(Task description): If an entry below holds a picture, leave the picture out and print the rest exactly.

[Records excerpted from a collection]
= = =
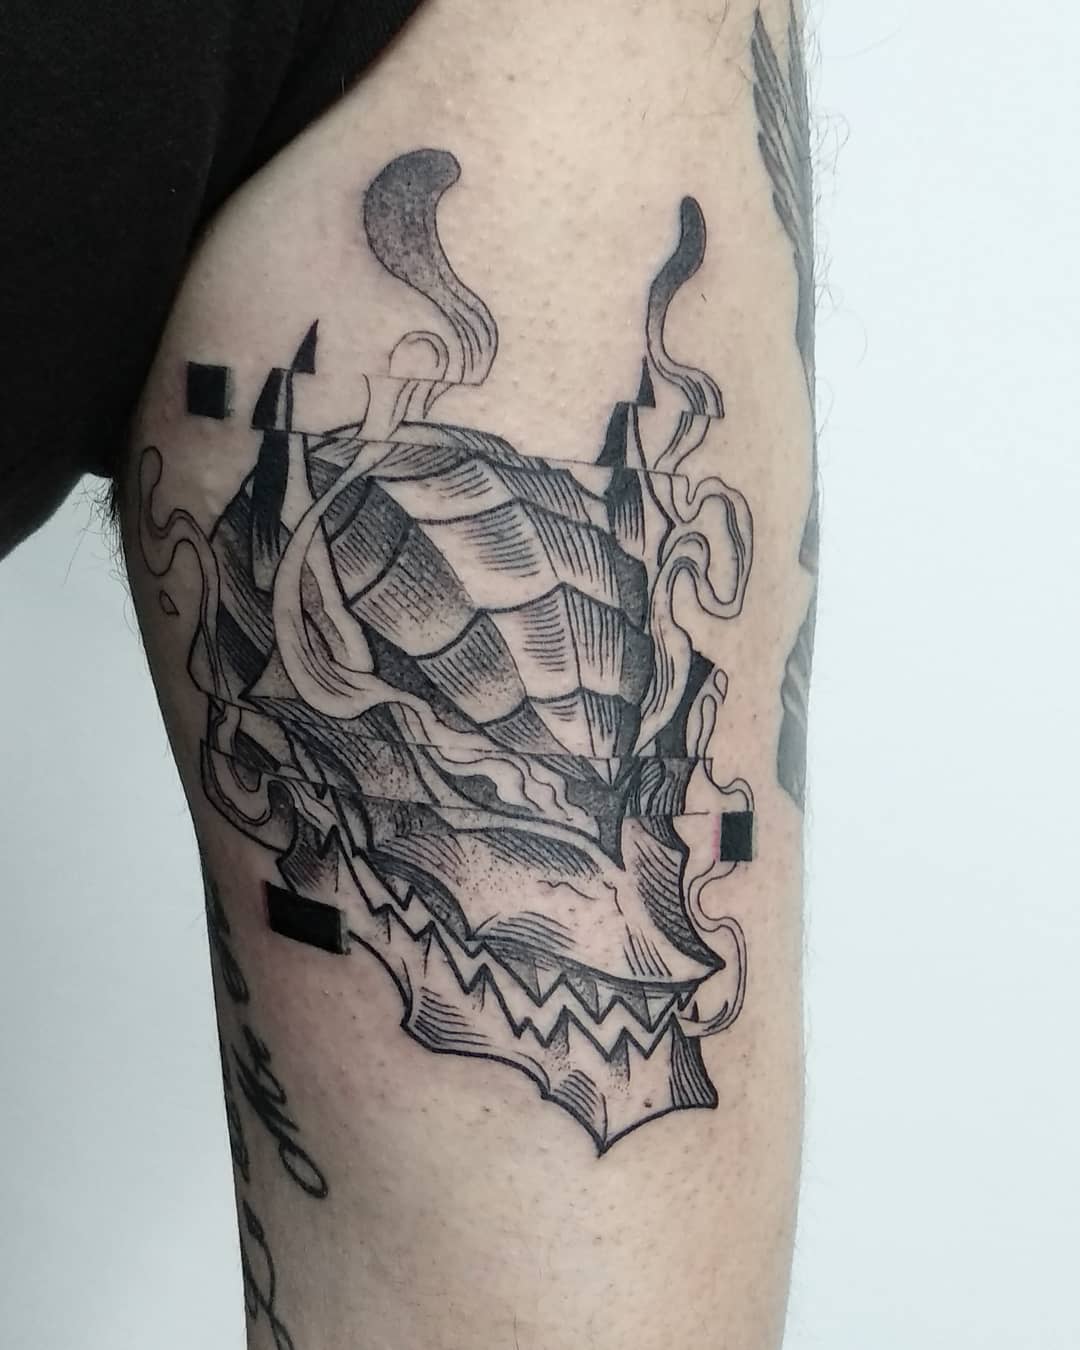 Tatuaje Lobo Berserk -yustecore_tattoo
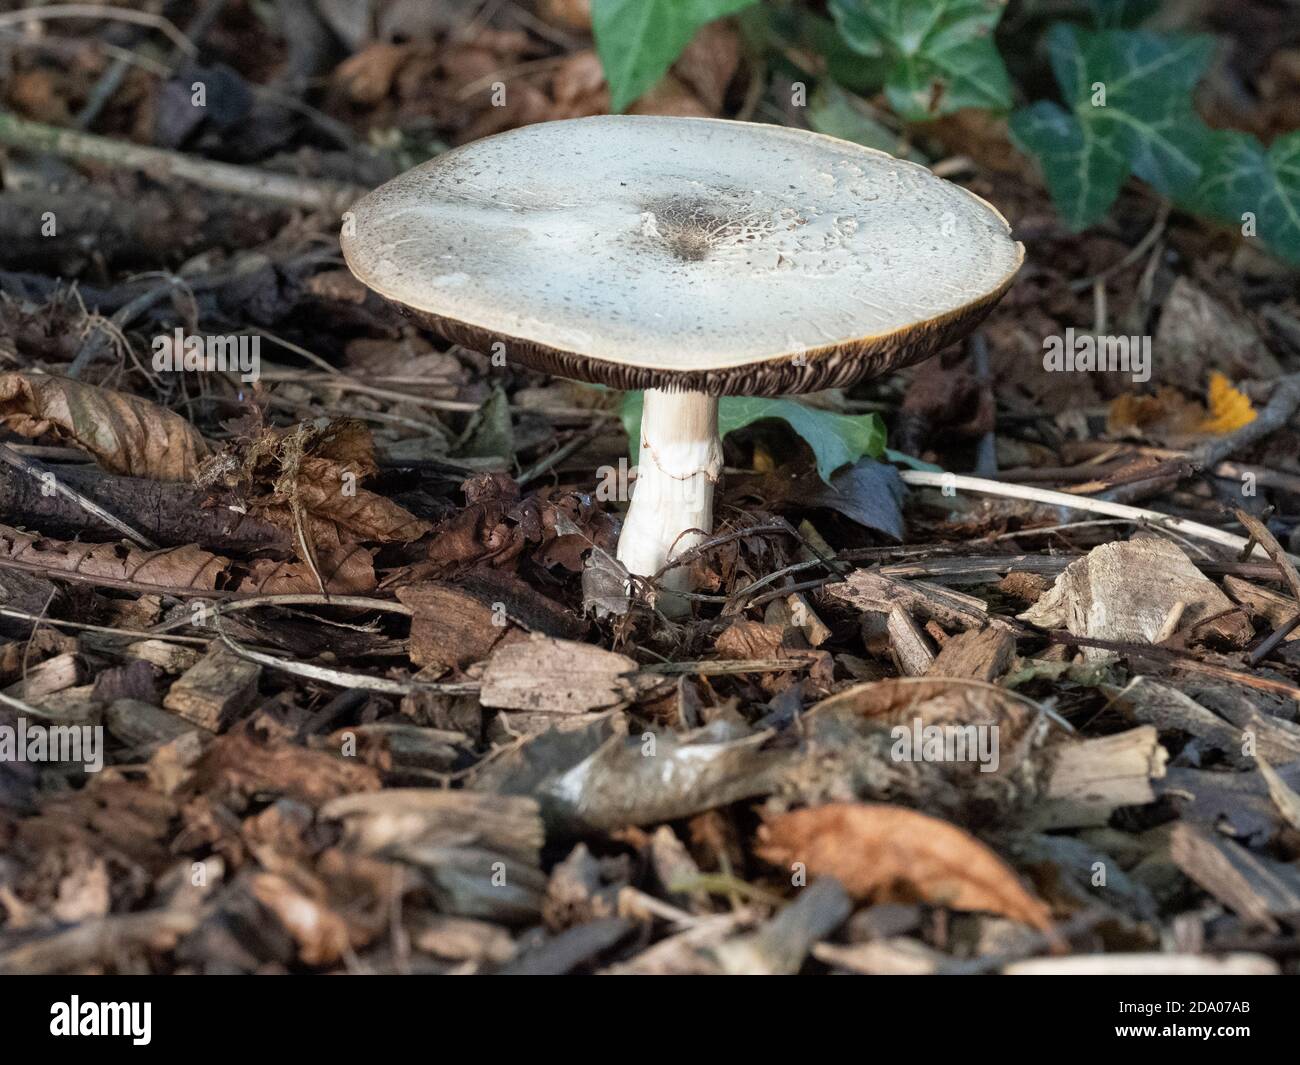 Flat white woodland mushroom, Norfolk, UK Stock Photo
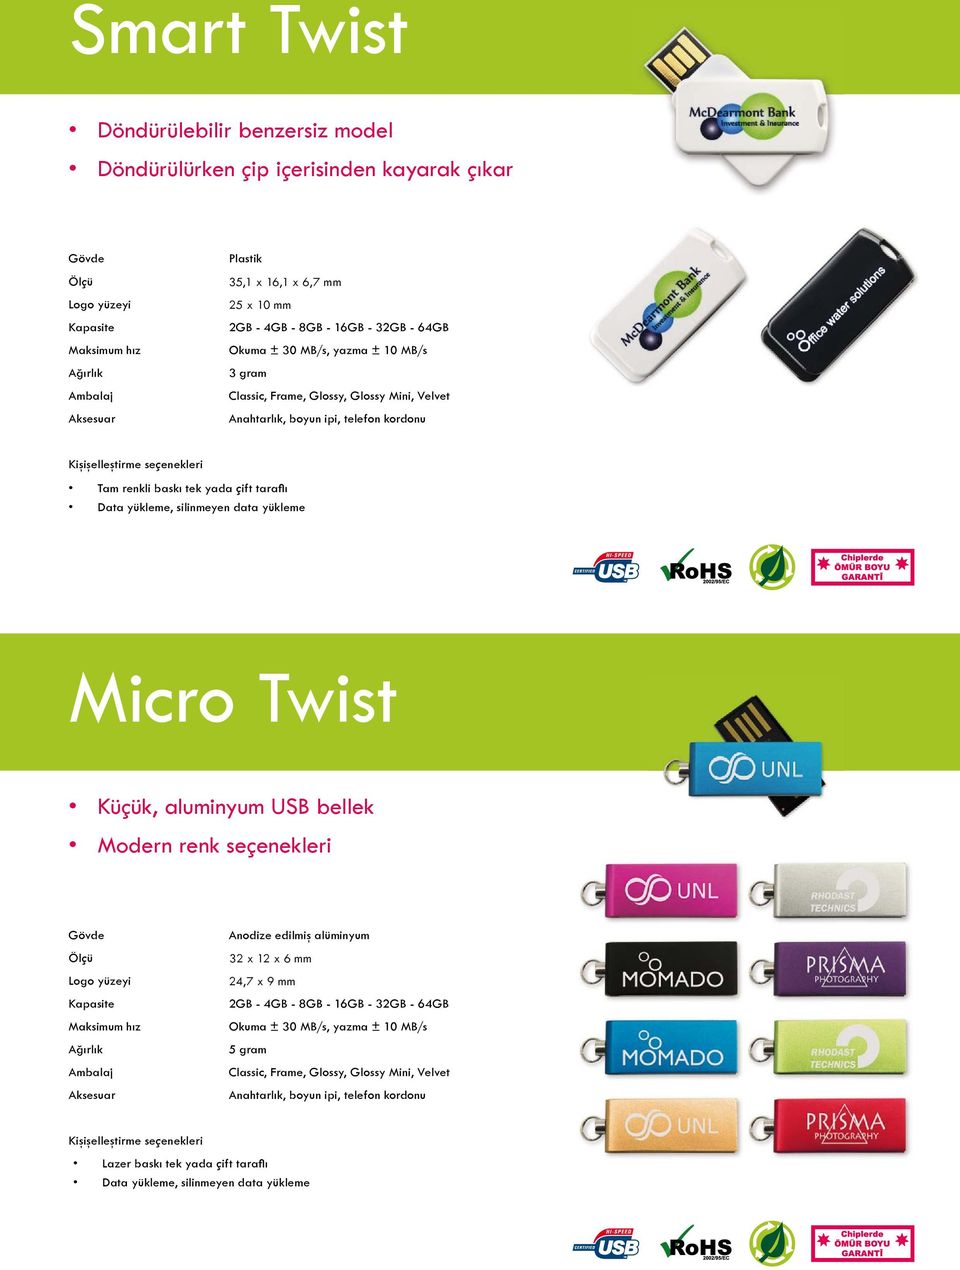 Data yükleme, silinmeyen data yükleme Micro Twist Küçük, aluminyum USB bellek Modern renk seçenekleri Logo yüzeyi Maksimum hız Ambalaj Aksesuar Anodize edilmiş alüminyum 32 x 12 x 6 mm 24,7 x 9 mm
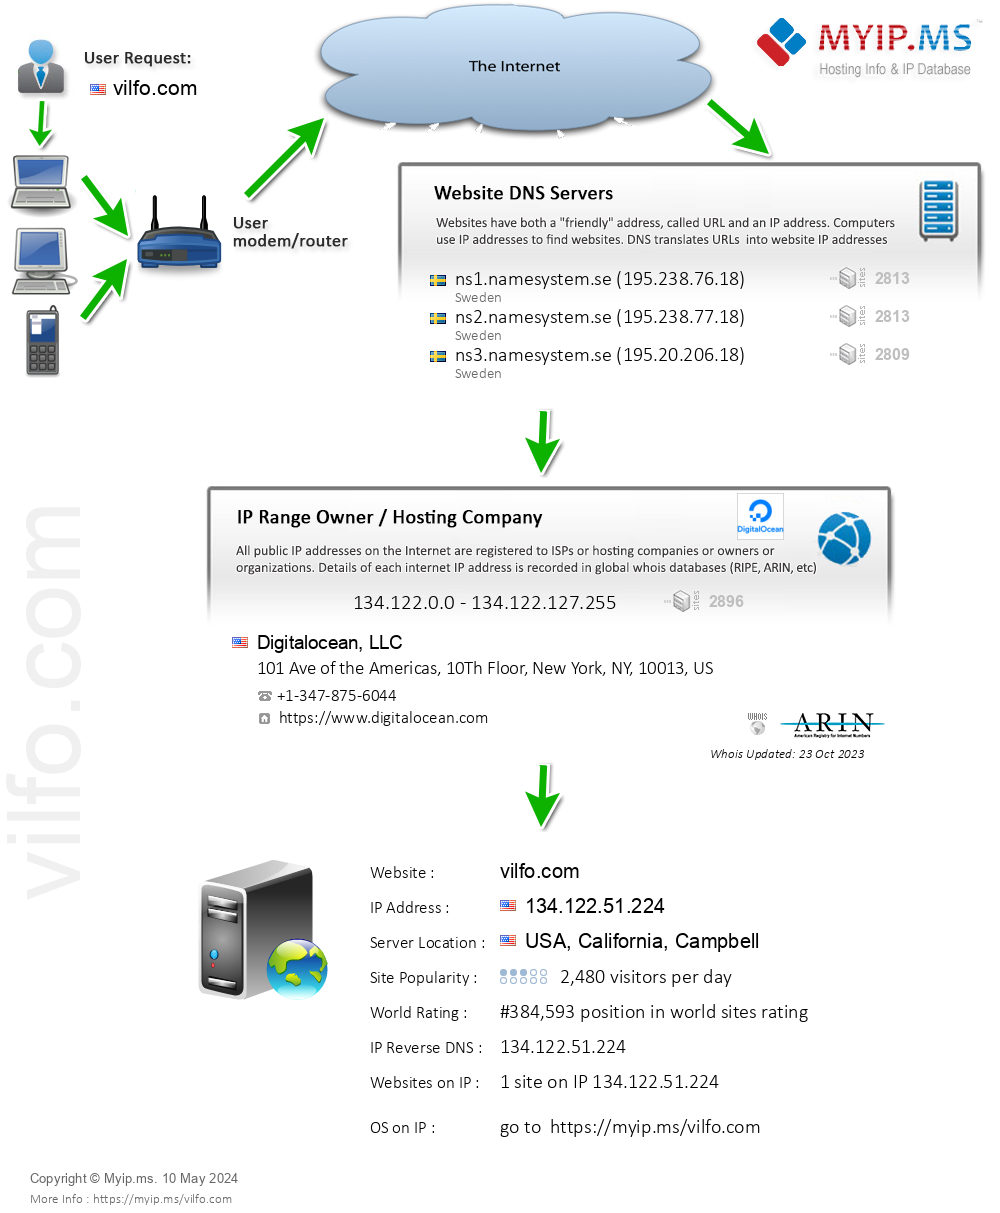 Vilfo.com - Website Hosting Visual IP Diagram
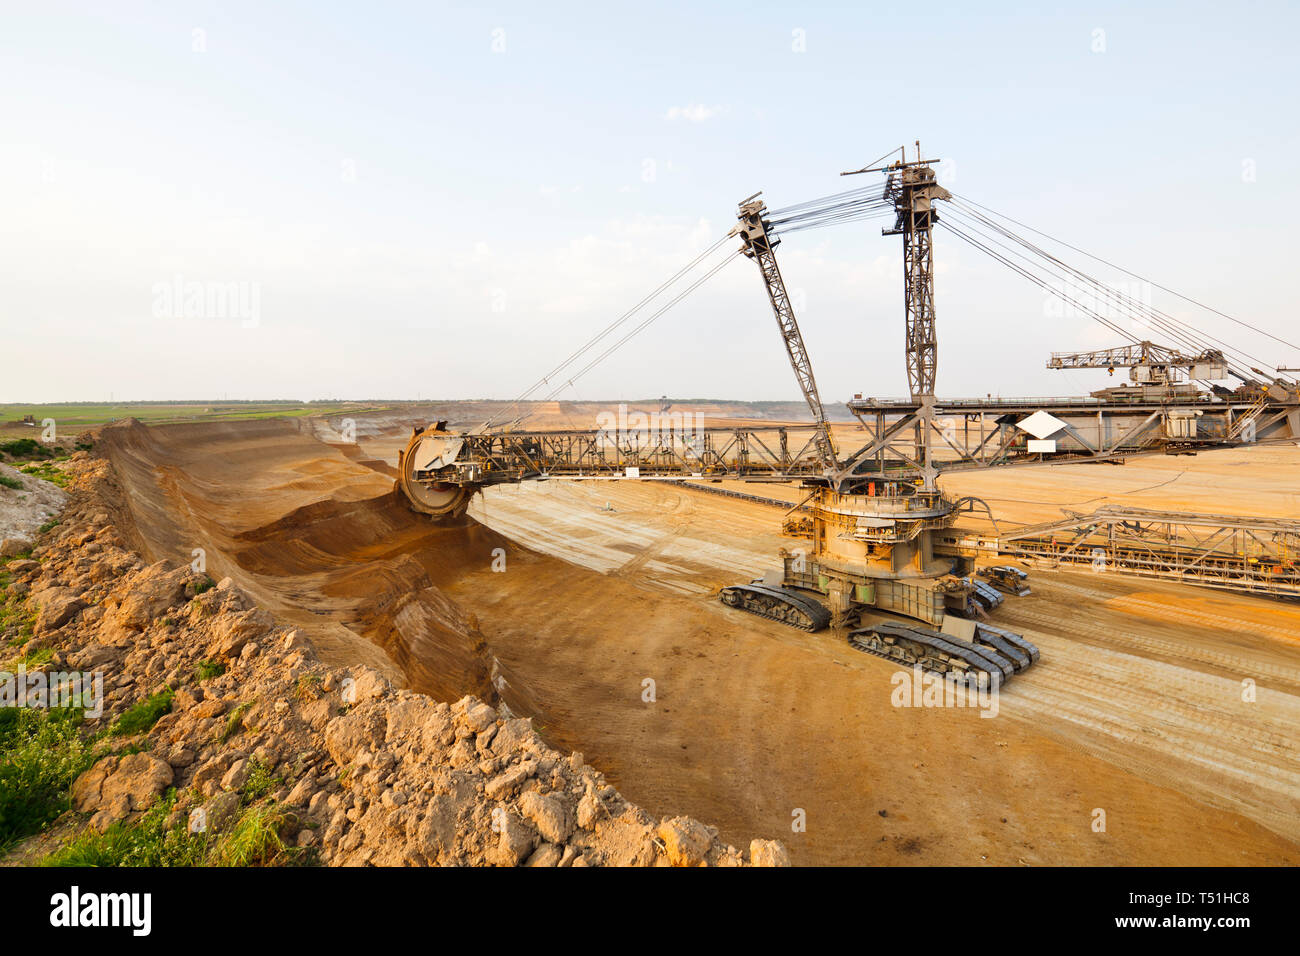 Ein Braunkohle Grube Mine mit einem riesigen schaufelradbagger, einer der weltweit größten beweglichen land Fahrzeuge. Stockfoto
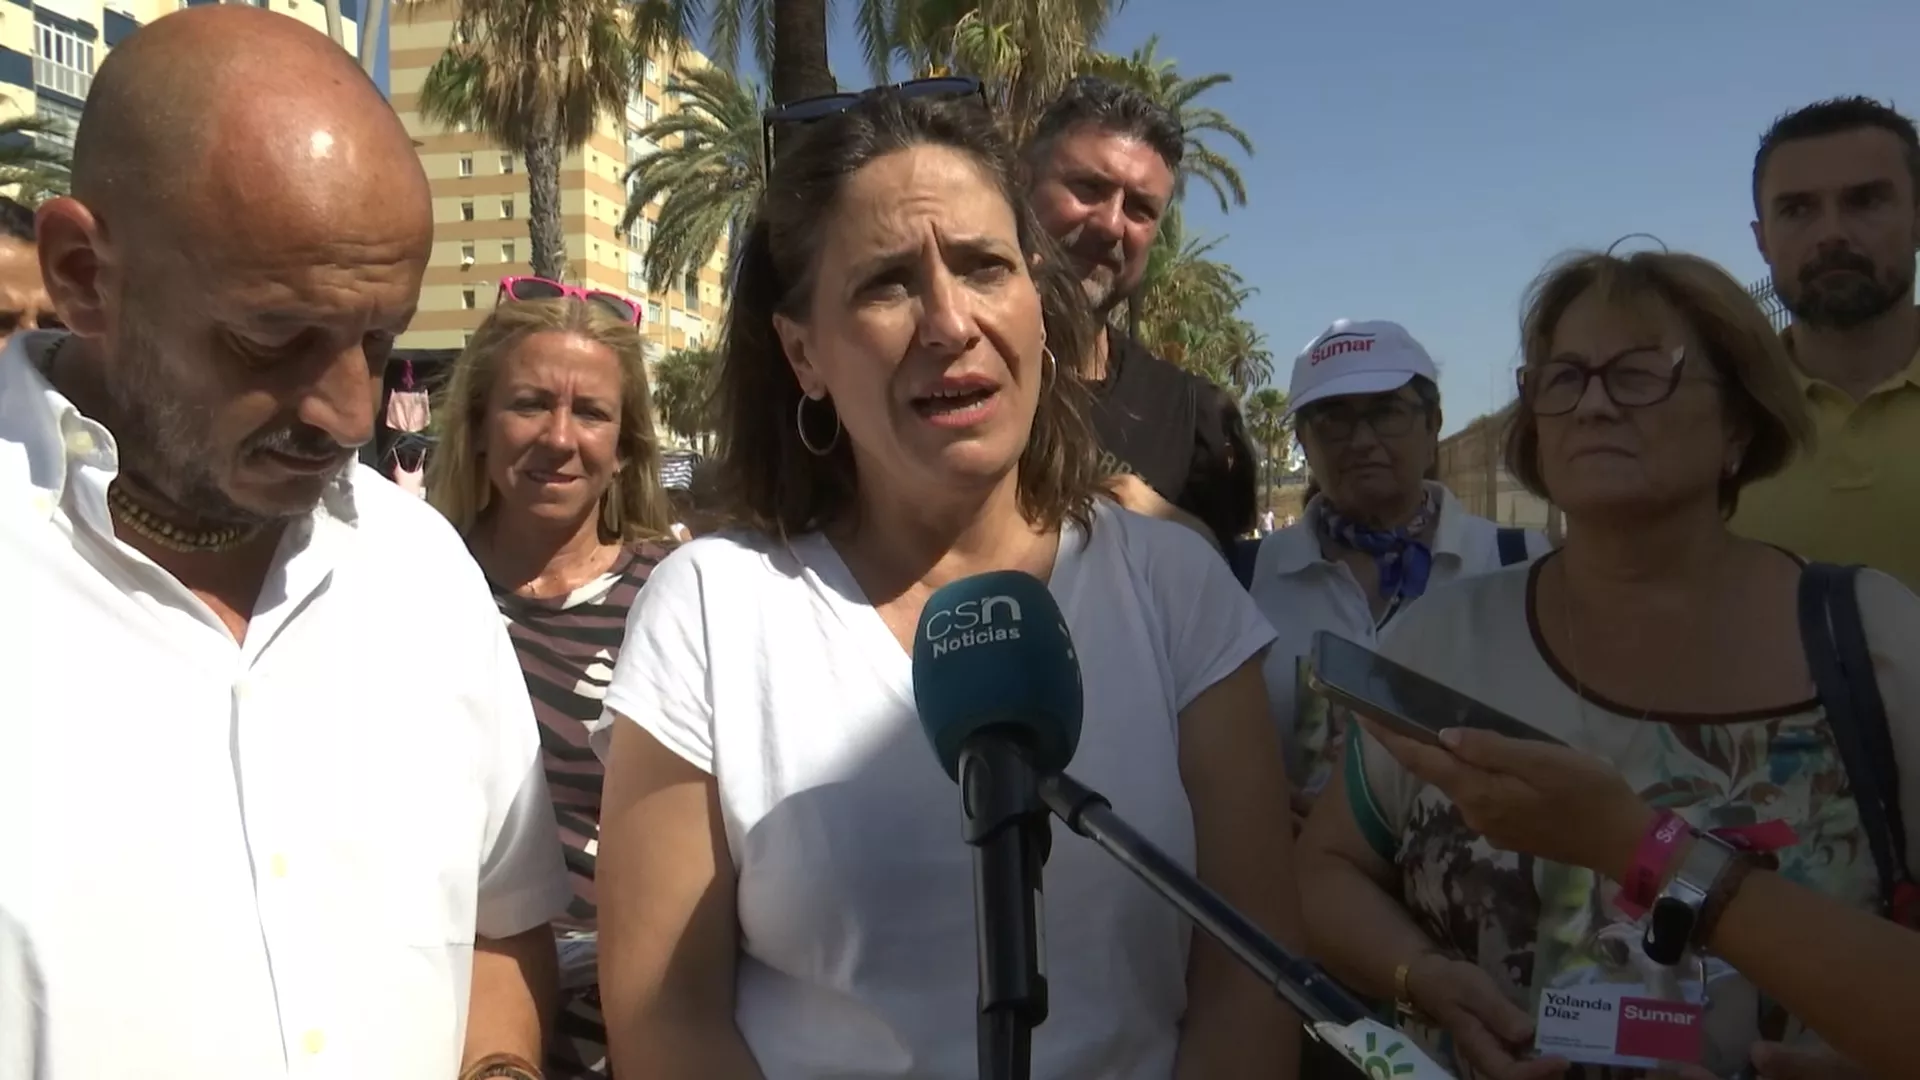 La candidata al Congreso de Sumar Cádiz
= = =
(Solved exercise):
 Tatuaje Lobo Berserk -yustecore_tattoo
 Flat white woodland mushroom, Norfolk, UK Stock Photo
 Data yükleme, silinmeyen data yükleme Micro Twist Küçük, aluminyum USB bellek Modern renk seçenekleri Logo yüzeyi Maksimum hız Ambalaj Aksesuar Anodize edilmiş alüminyum 32 x 12 x 6 mm 24,7 x 9 mm
 Vilfo.com - Website Hosting Visual IP Diagram
 Ein Braunkohle Grube Mine mit einem riesigen schaufelradbagger, einer der weltweit größten beweglichen land Fahrzeuge. Stockfoto
 La candidata al Congreso de Sumar Cádiz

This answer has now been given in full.